В конце XVII века голландский торговец Антони ван Левенгук изобрел микроскоп нового типа. Проводя с его помощью наблюдения, он впервые в истории человечества описал невидимый до того мир микроорганизмов (он назвал их анималькулами), которые тысячами кишели в каждой капле прудовой воды. Он зарисовывал их с поразительной точностью. Посмотрите в микроскоп Левенгука сегодня, и если вам вообще что-то удастся увидеть, считайте, что вам повезло — настолько малы и несовершенны были линзы по современным стандартам. Многие его современники были настроены скептически: они не видели того, что видел он и, возможно, были по-своему правы. Но прав был и Левенгук. Анималькулы были реальны, и открытие их перевернуло наши представления о мире живого. Может быть, Хиден — это сегодняшний Левенгук? Не следует, однако, забывать, что Левенгук рассмотрел также человеческую сперму и описал отдельный сперматозоид как подобие совершенного по форме крошечного гомункулуса, укрепив тем самым давний преформистский предрассудок относительно нашего размножения, который был изжит лишь столетие спустя.
Каким бы ни был окончательный приговор по поводу экспериментов Хидена, в свое время они гальванизировали работу нейрохимиков. Стало ясно, что биохимические методы действительно можно использовать для изучения функций мозга, включая даже память. И я сделал свой выбор.
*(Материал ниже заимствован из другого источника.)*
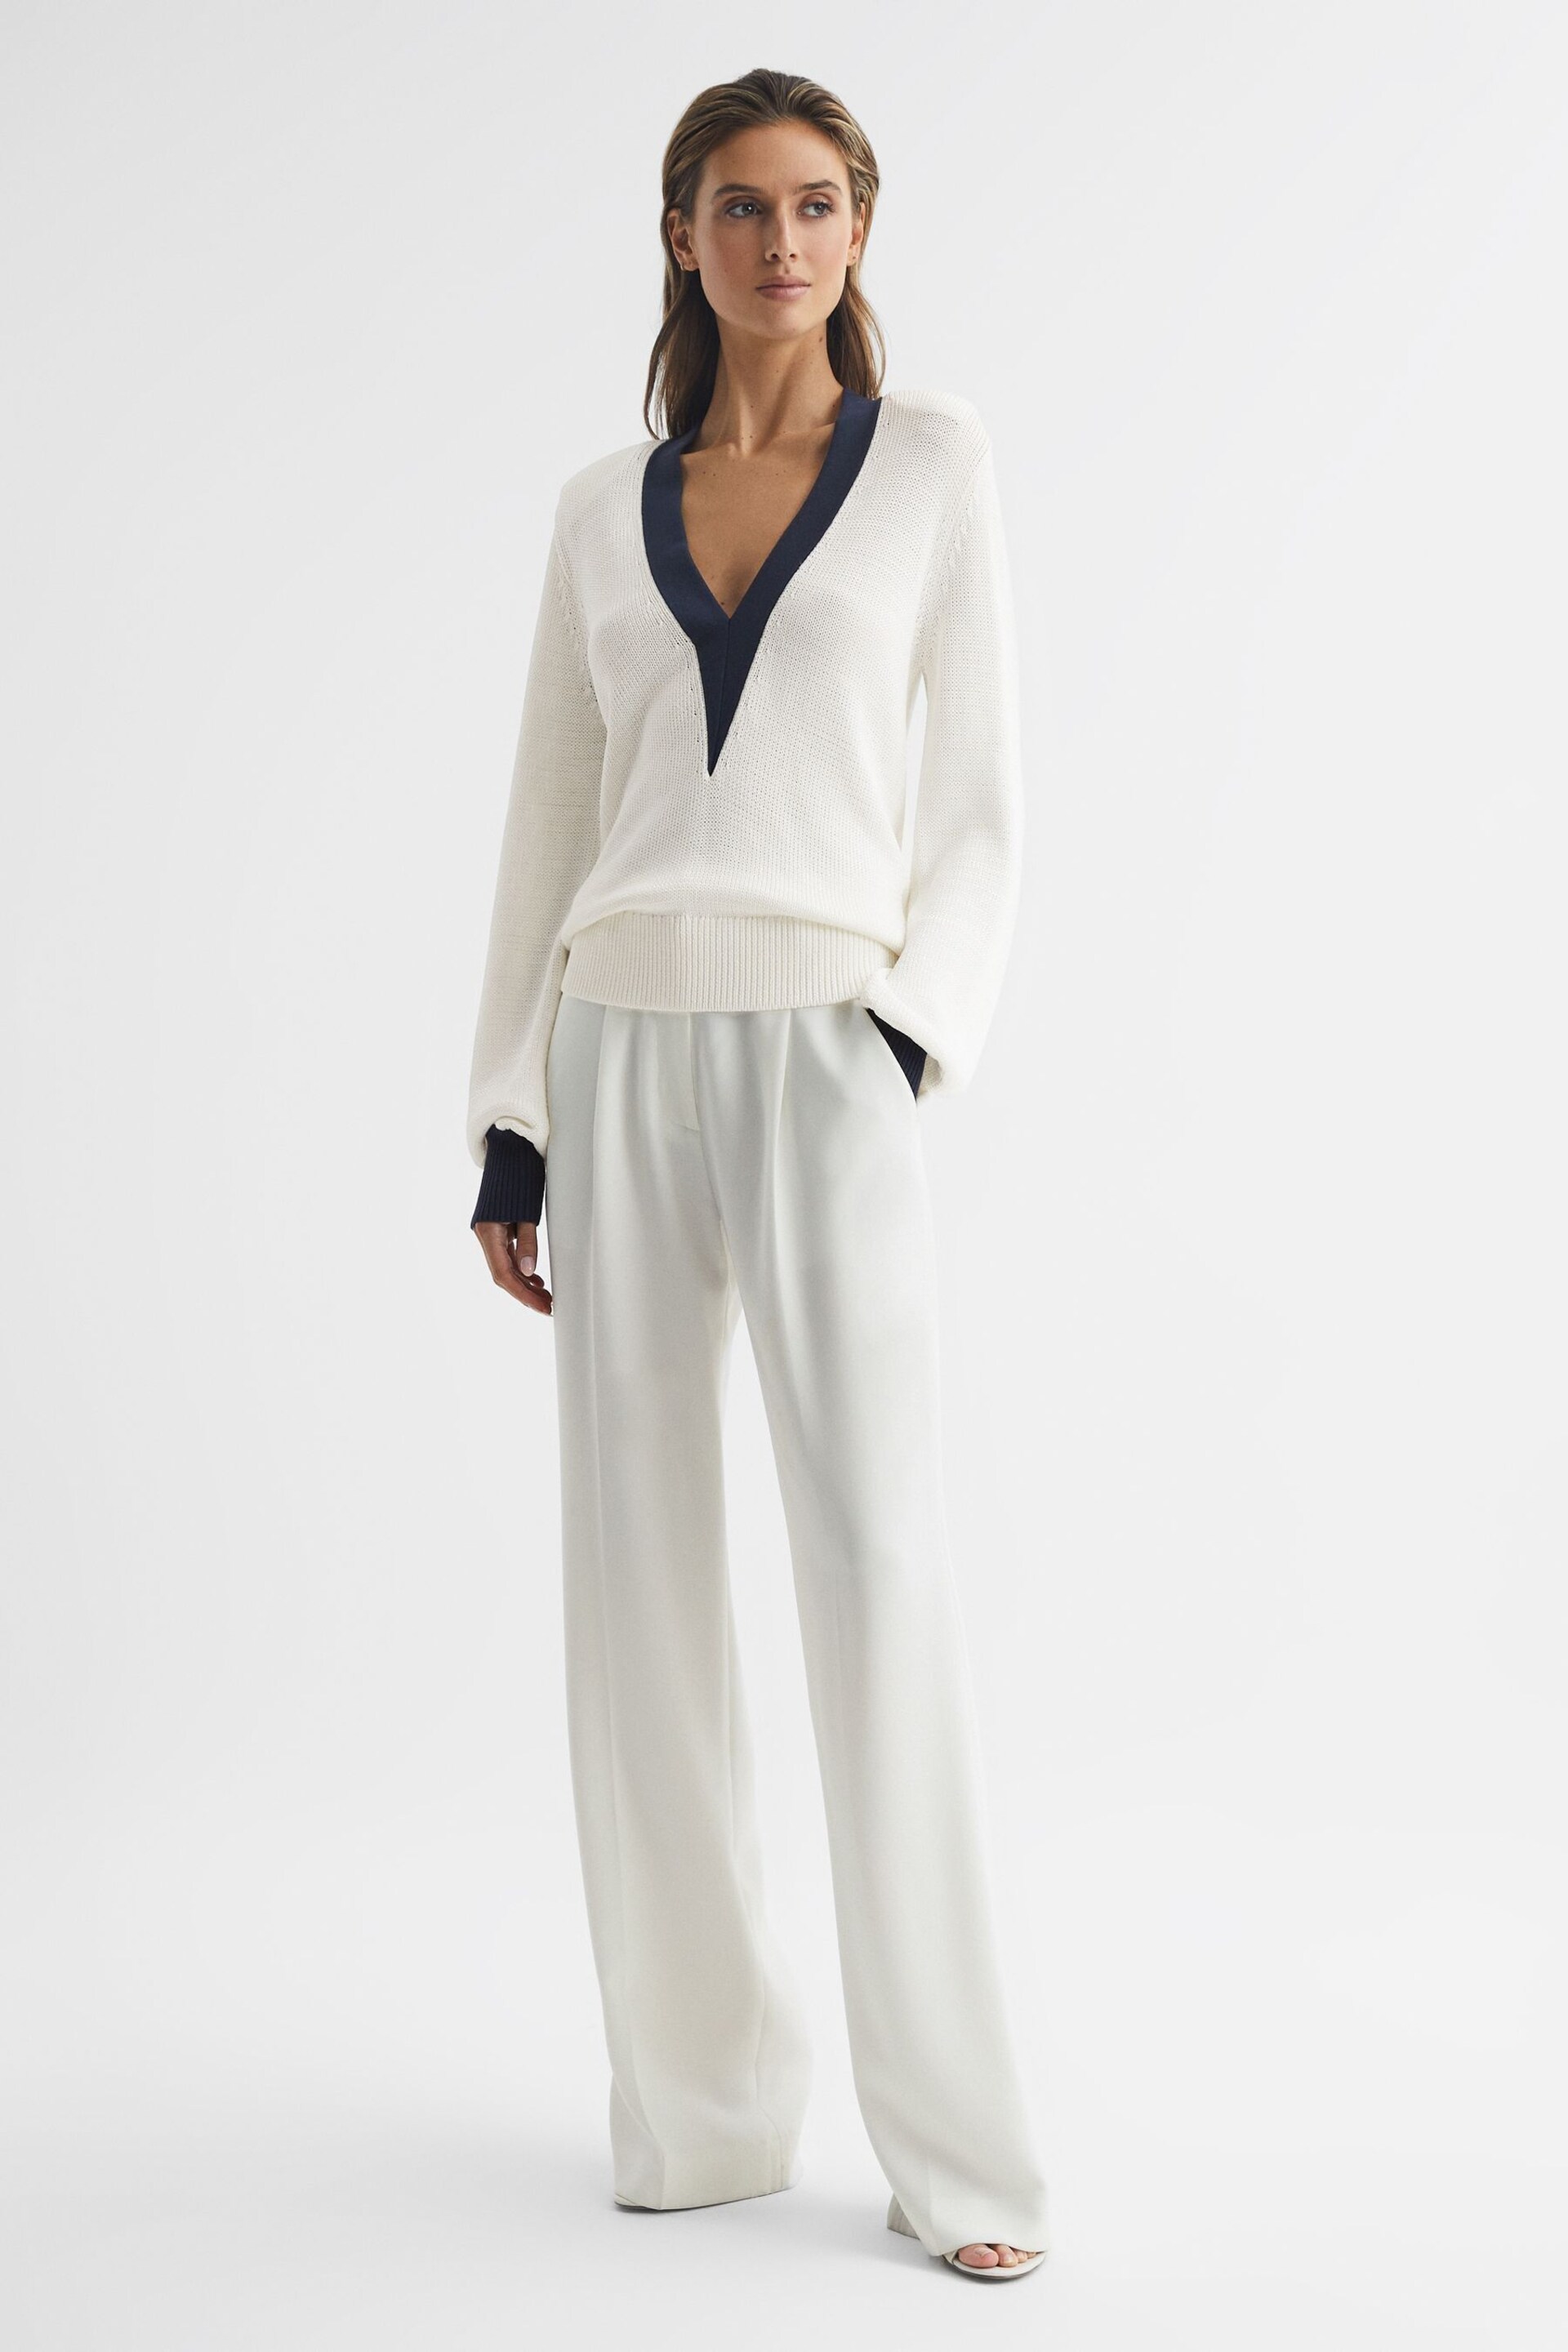 Reiss White/Navy Talitha Contrast Trim Knitted Jumper - Image 3 of 6

Но как приступить к исследованиям? Микрометоды Хидена были мне недоступны, а Чейн, как всегда, скептически отнесся к моим намерениям. Если ключевым требованием бьыо отделение нейронов от глии, то, вероятно, я мог бы поискать другой способ достижения той же цели. К концу пятидесятых годов у биохимиков накопился уже целый арсенал общих методов изучения клетки. Один из них — центрифугирование — использовался для разделения клеток на различные компоненты. Работа лабораторной центрифуги основана на том же принципе, что и отжимание белья в бытовой стиральной машине. При очень быстром вращении содержащаяся в материи вода оттесняется к стенкам камеры и вытекает из нее. В биологической центрифуге пробирки с суспензией частиц вращаются с очень высокой скоростью, до 70 000 оборотов в минуту. По мере вращения суспендированные частицы под действием центробежной силы (до 500 000 g) движутся по направлению к дну пробирки тем быстрее, чем они тяжелее. Представьте теперь, что я беру кусочек мозга и измельчаю его в гомогенизаторе. Клетки разрушаются, а их компоненты переходят в суспендированное состояние. К числу таких компонентов принадлежат разнообразные субклеточные структуры, в частности клеточные ядра, содержащие ДНК, и митохондрии, в которых находятся ферменты цикла Кребса и синтезируется АТФ. Подбирая нужные сочетания продолжительности и скорости центрифугирования, можно разделять и собирать отдельные фракции клеточных компонентов. При одной из модификаций этого метода суспензию частиц вращают в растворе сахарозы, наиболее концентрированном у дна пробирки и все сильнее разбавленном в верхних слоях. Чем выше концентрация раствора, тем больше его плотность, поэтому в пробирке создается градиент плотности, направленный сверху вниз. При центрифугировании субклеточных частиц в таком градиенте они под действием центробежной силы оседают до тех пор, пока не окажутся в зоне, где их плотность и плотность раствора одинаковы. Здесь они останавливаются, уже не будучи в состоянии опуститься ниже.
Рис. 3.4. Синапс. Слева — электронно-микроскопическая картина синапса после удаления окружающего фона. Справа — рисунок, сделанный художником. Приходящие по аксону нервные импульсы вызывают освобождение молекул нейромедиатора из мелких пузырьков пресинаптического окончания. Медиатор диффундирует через синаптическую щель к шипику на дендрите, где его ожидает молекула рецептора. При взаимодействии медиатора с рецептором возникает сигнал, активирующий или ингибирующий постсинап-тическую клетку. После этого медиатор разрушается ферментами. Энергию для биохимического процесса высвобождения медиатора доставляет окисление глюкозы в митохондриях. Синапс, подобный изображенному здесь, имеет около 0,2 мкм в диаметре.